By Chris Prentice and Jonathan Stempel
(Reuters) – Vanguard Group will pay $106.4 million to settle U.S. Securities and Exchange Commission charges that it failed to disclose important tax information about its popular target date funds, which causing hundreds of thousands of ordinary investors to be left with inflated tax bills.
The deal stemmed from Vanguard’s December 2020 decision to lower the minimum investment in low-cost fund classes aimed at institutional clients to $5 million from $100 million.
This caused many investors who qualified for these funds to switch from higher-cost retail fund classes.
The SEC said the retail funds were forced to sell assets to meet the bailouts and pass on large capital gains tax burdens to remaining investors.
While Vanguard warned target-date fund investors that their tax burdens could change from year to year, it did not warn of that risk when investors moved into institutional funds from retail funds, the SEC.
Vanguard’s target-date funds contain combinations of stocks, bonds and cash designed to be less risky as investors age. They are also designed to be tax efficient.
The payment includes $92.9 million in restitution, plus a $13.5 million civil penalty. Vanguard neither admitted nor denied wrongdoing in accepting a settlement.
“Materially accurate information about capital gains and tax implications is critical for investors saving for their retirements,” said Corey Schuster, head of the asset management unit of the enforcement division of the SEC, in a statement.

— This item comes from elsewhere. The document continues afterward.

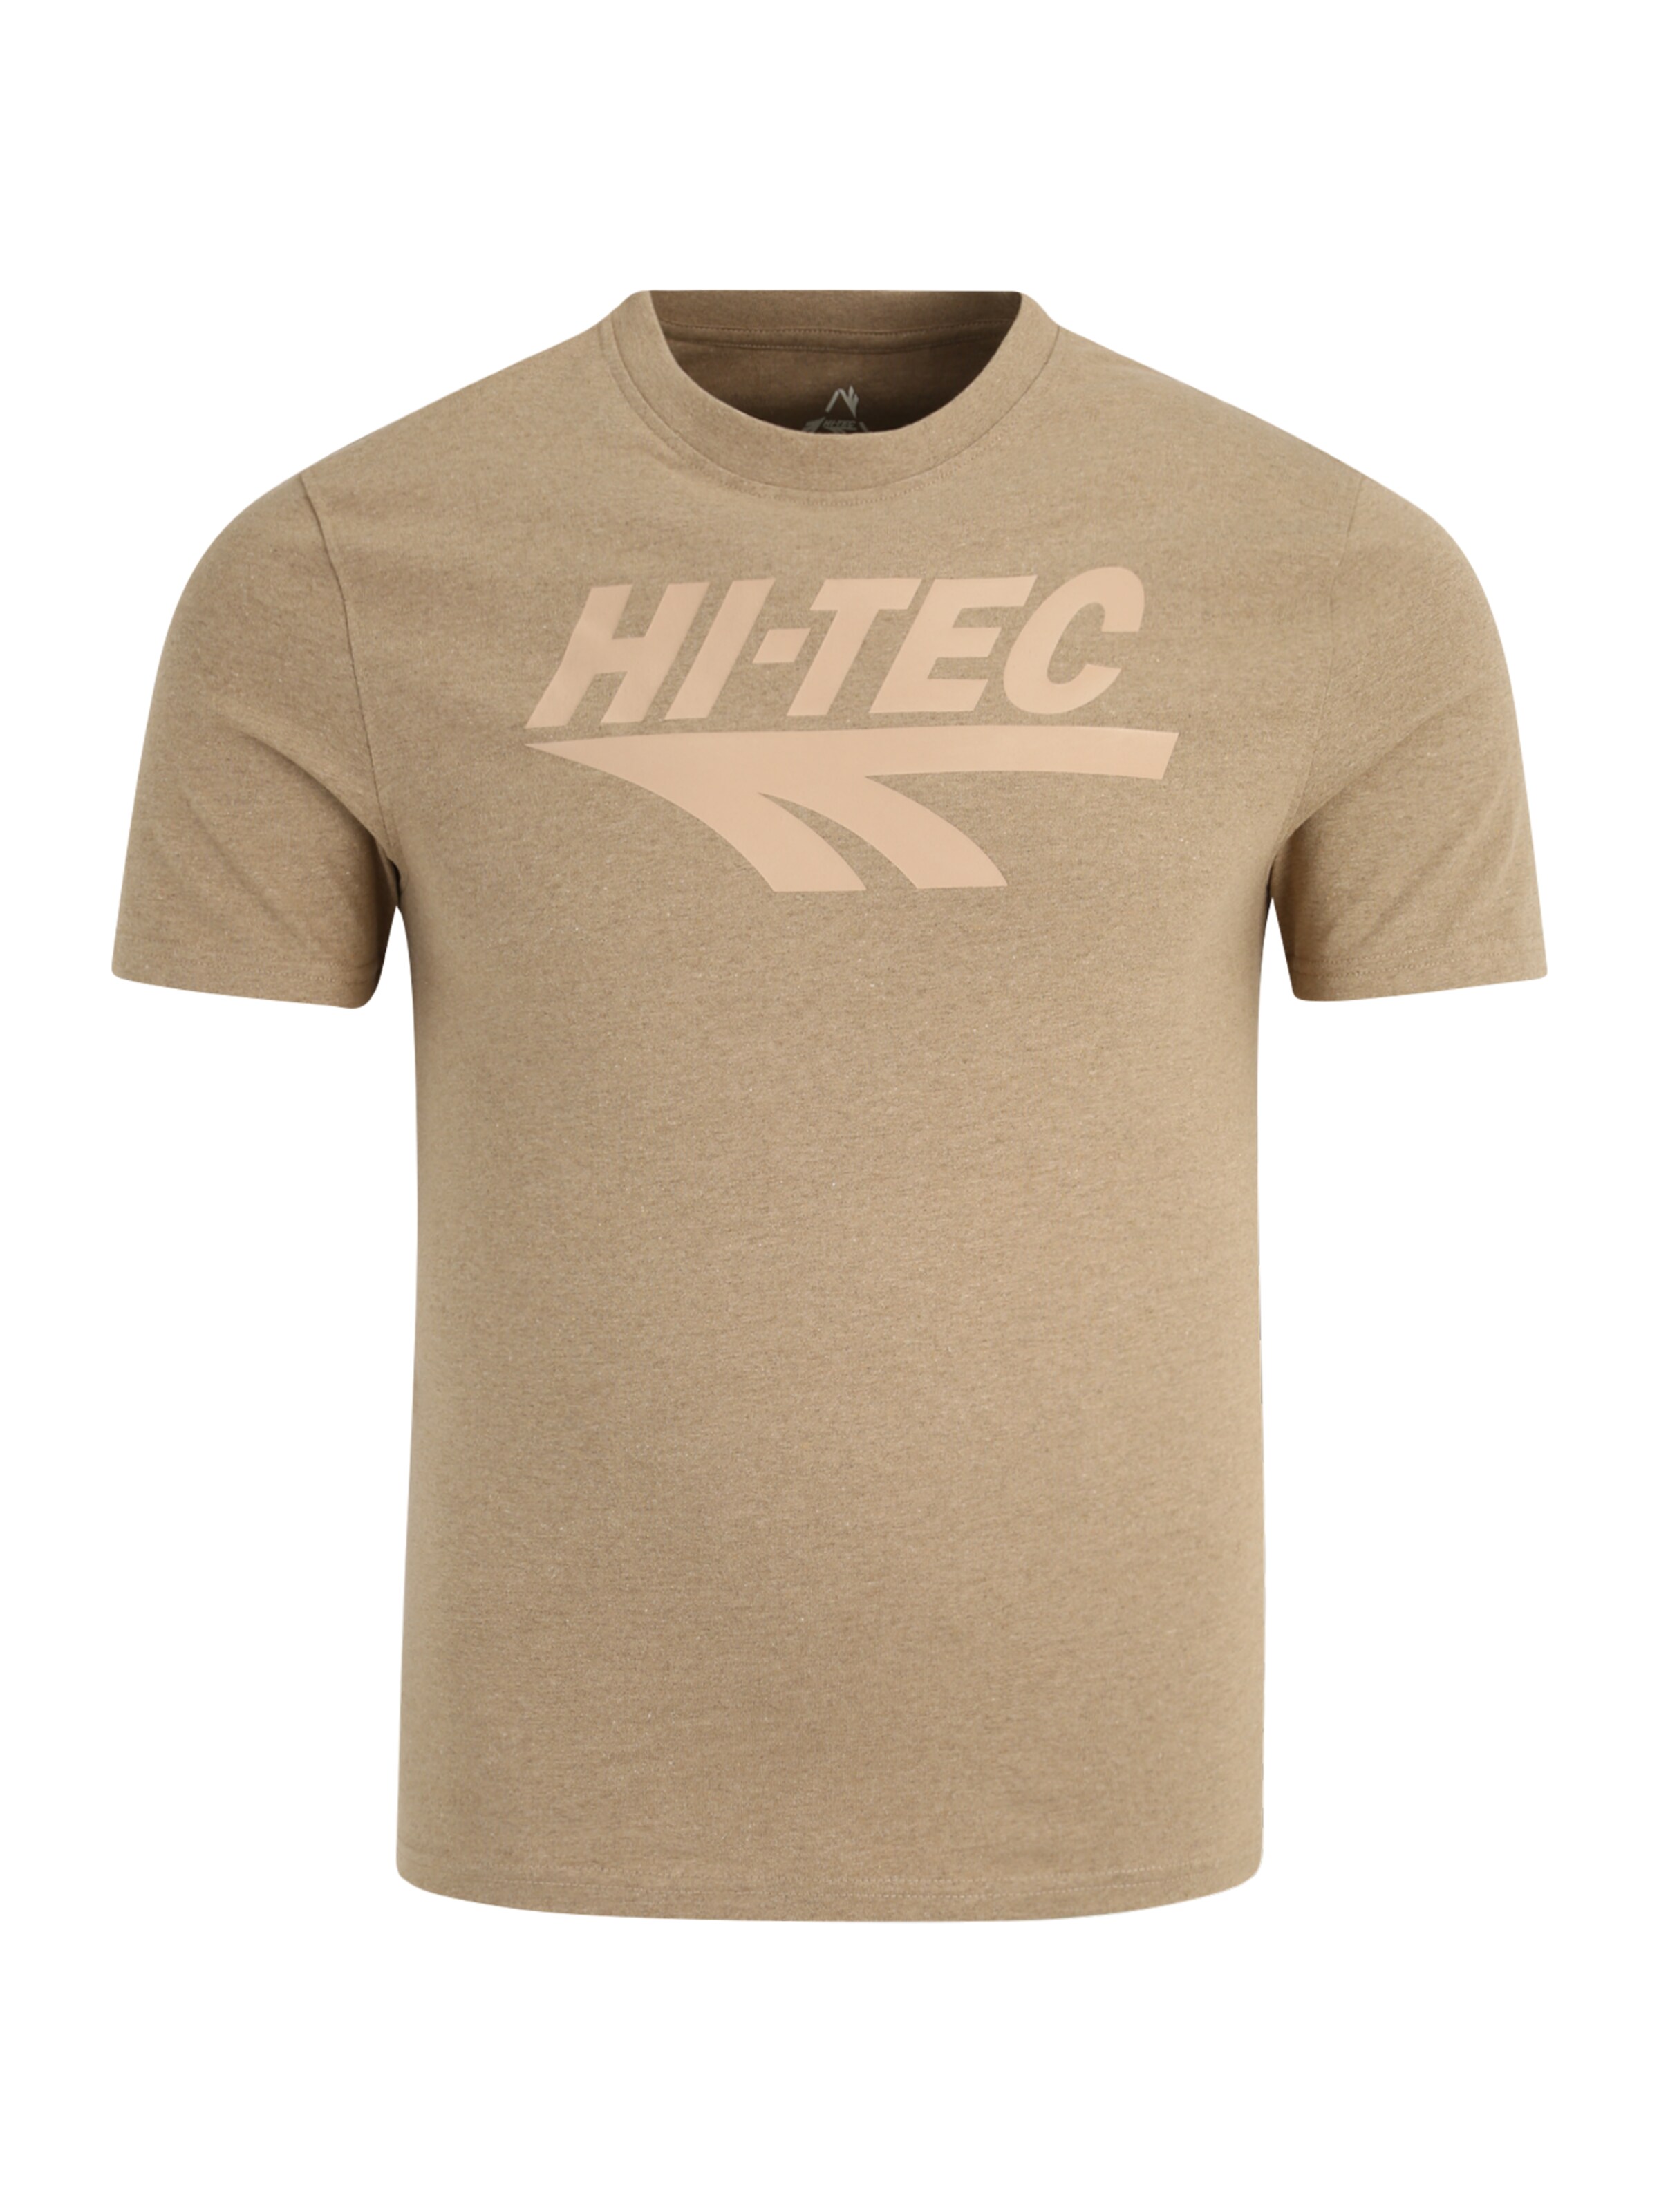 Men Sportswear | HI-TEC Performance Shirt in Beige, Light Beige - TL73371
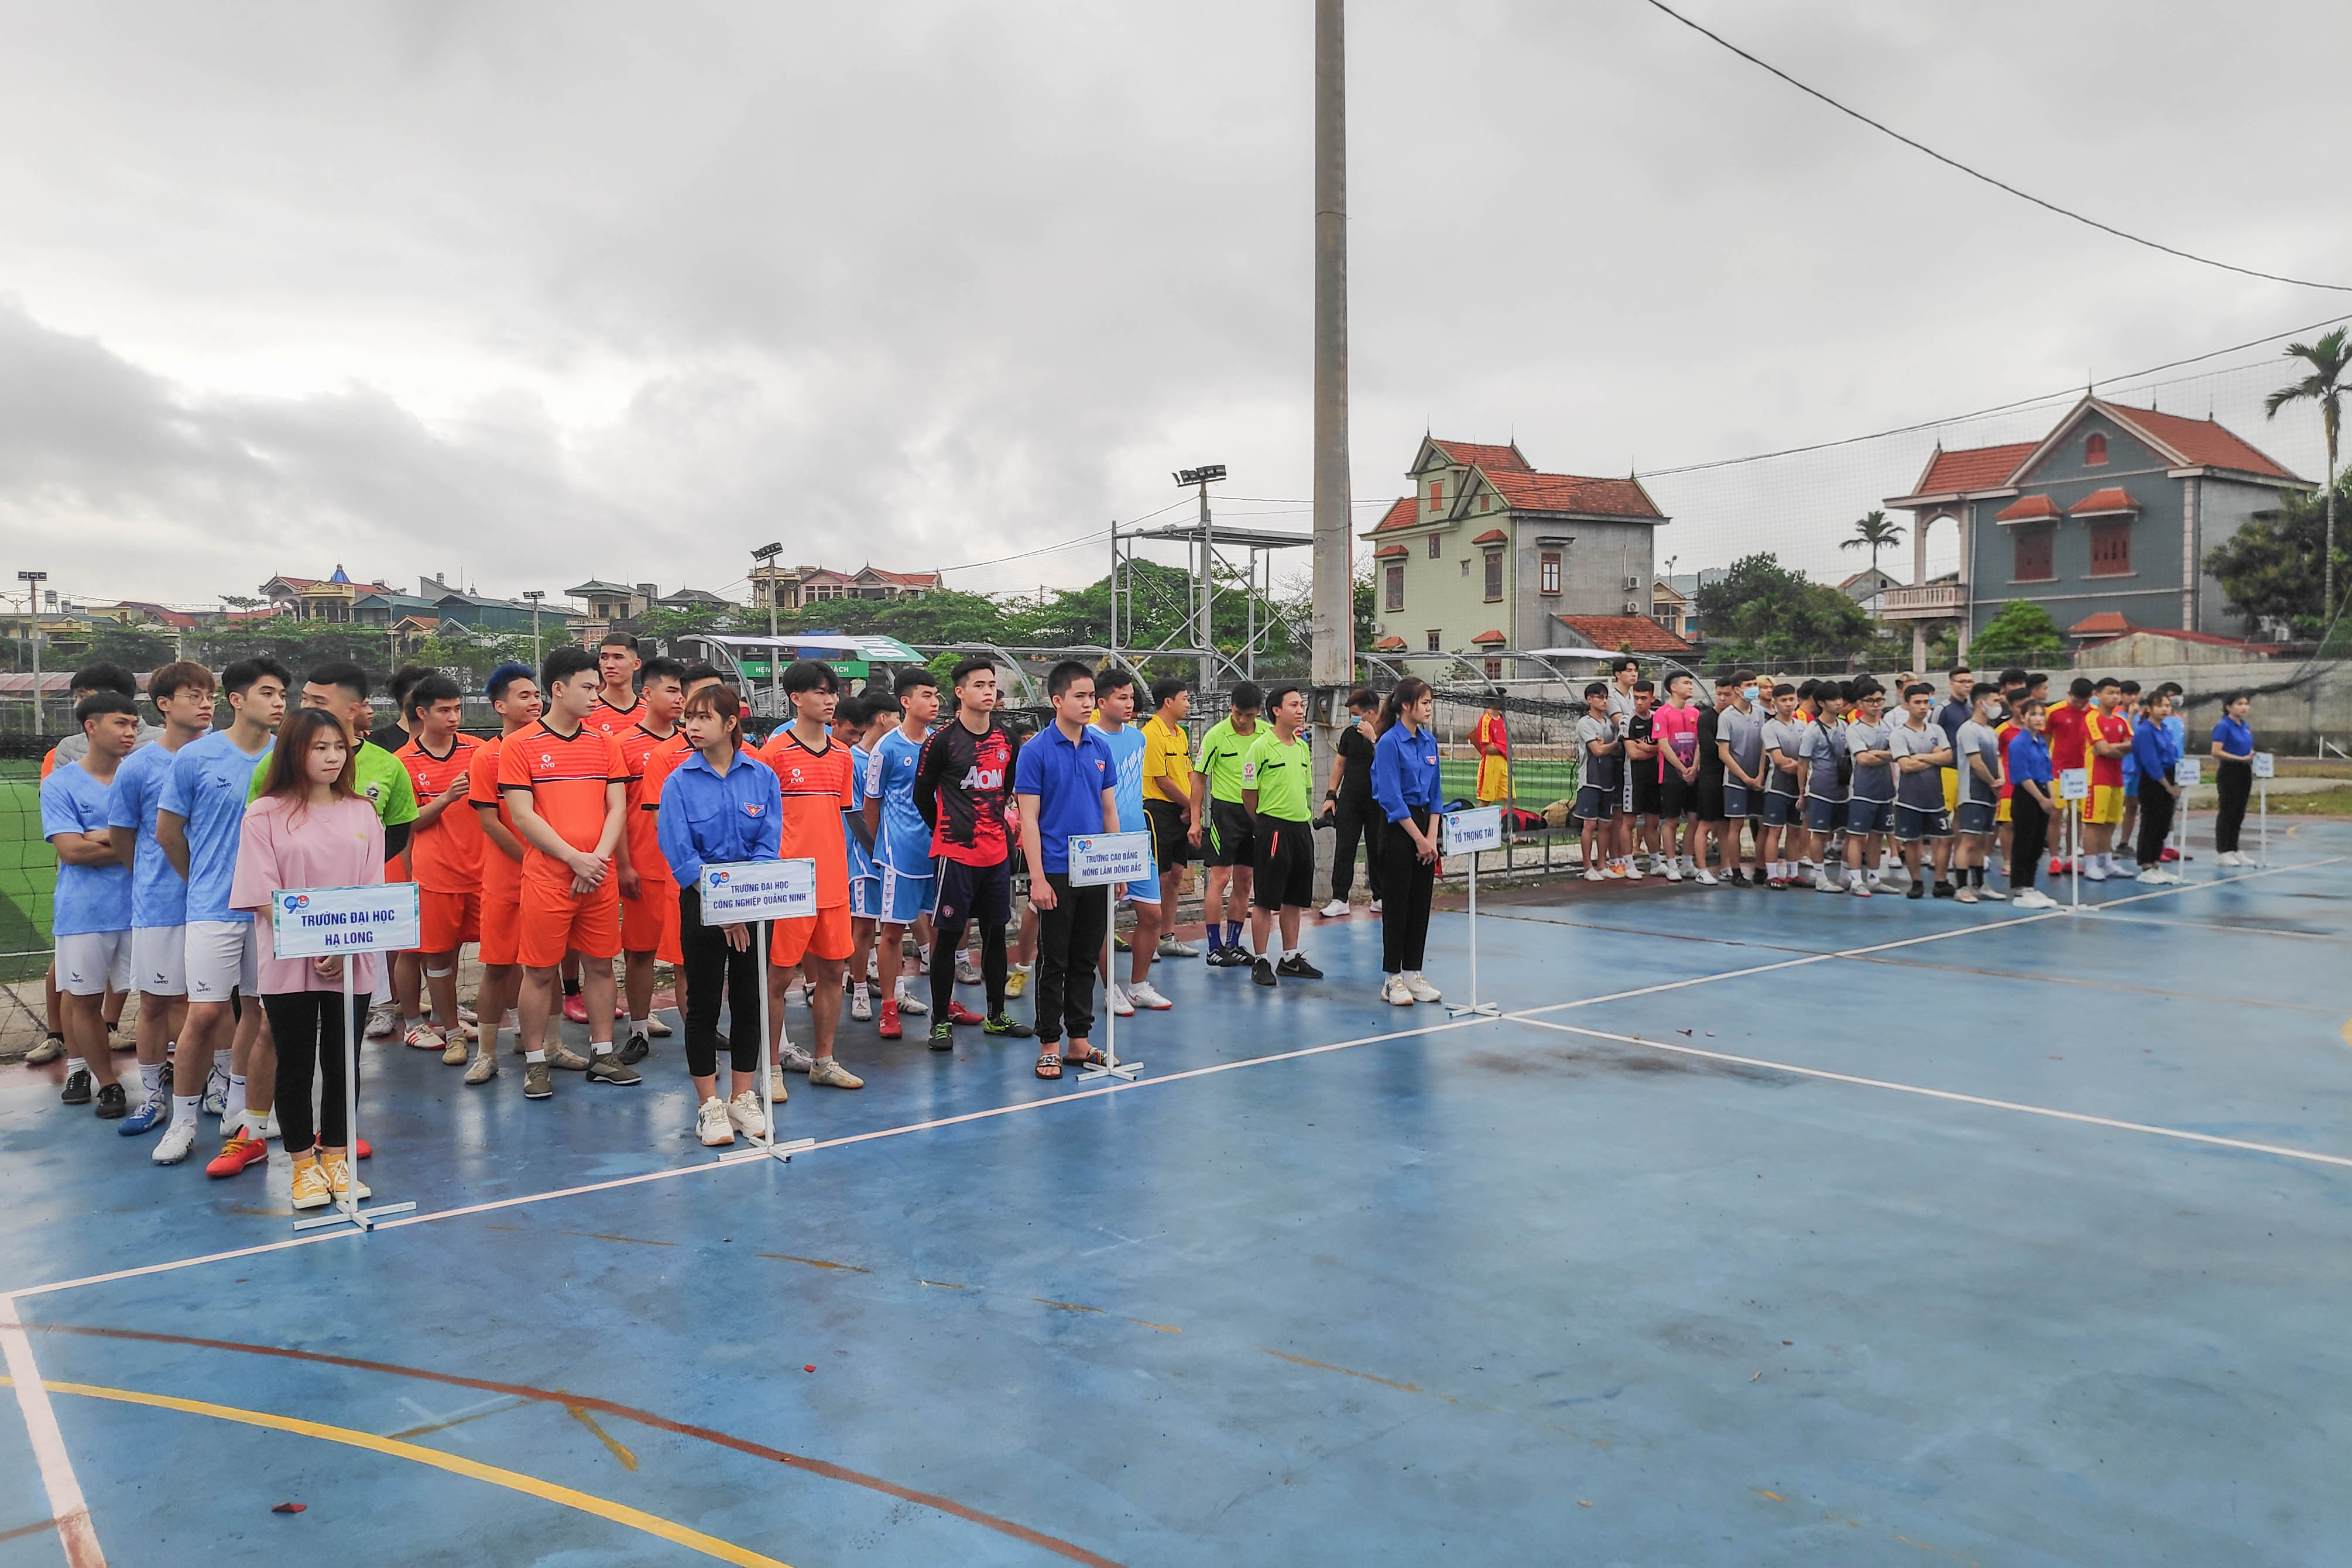 Giải đấu có sự tham gia của 6 đội, với tổng số 84 cầu thủ lđến từ các trường đại học, cao đẳng trên địa bàn tỉnh.

In a statement, Vanguard said it was pleased to settle and was “committed to supporting the more than 50 million everyday investors and retirement savers who entrust their savings to us.”
The settlement also resolved claims by a coalition of regulators from 43 US states, Washington, DC and the US Virgin Islands, which was led by the attorneys general of New York and New Jersey and the Department of Banking Connecticut.
In November, Vanguard agreed to pay $40 million to settle similar claims in a lawsuit by fund investors. It also agreed to pay $6.25 million in July 2022 to settle similar claims by Massachusetts Secretary of State William Galvin.
The Valley Forge, Pennsylvania-based firm had $10.4 trillion in assets under management as of November 30, 2024.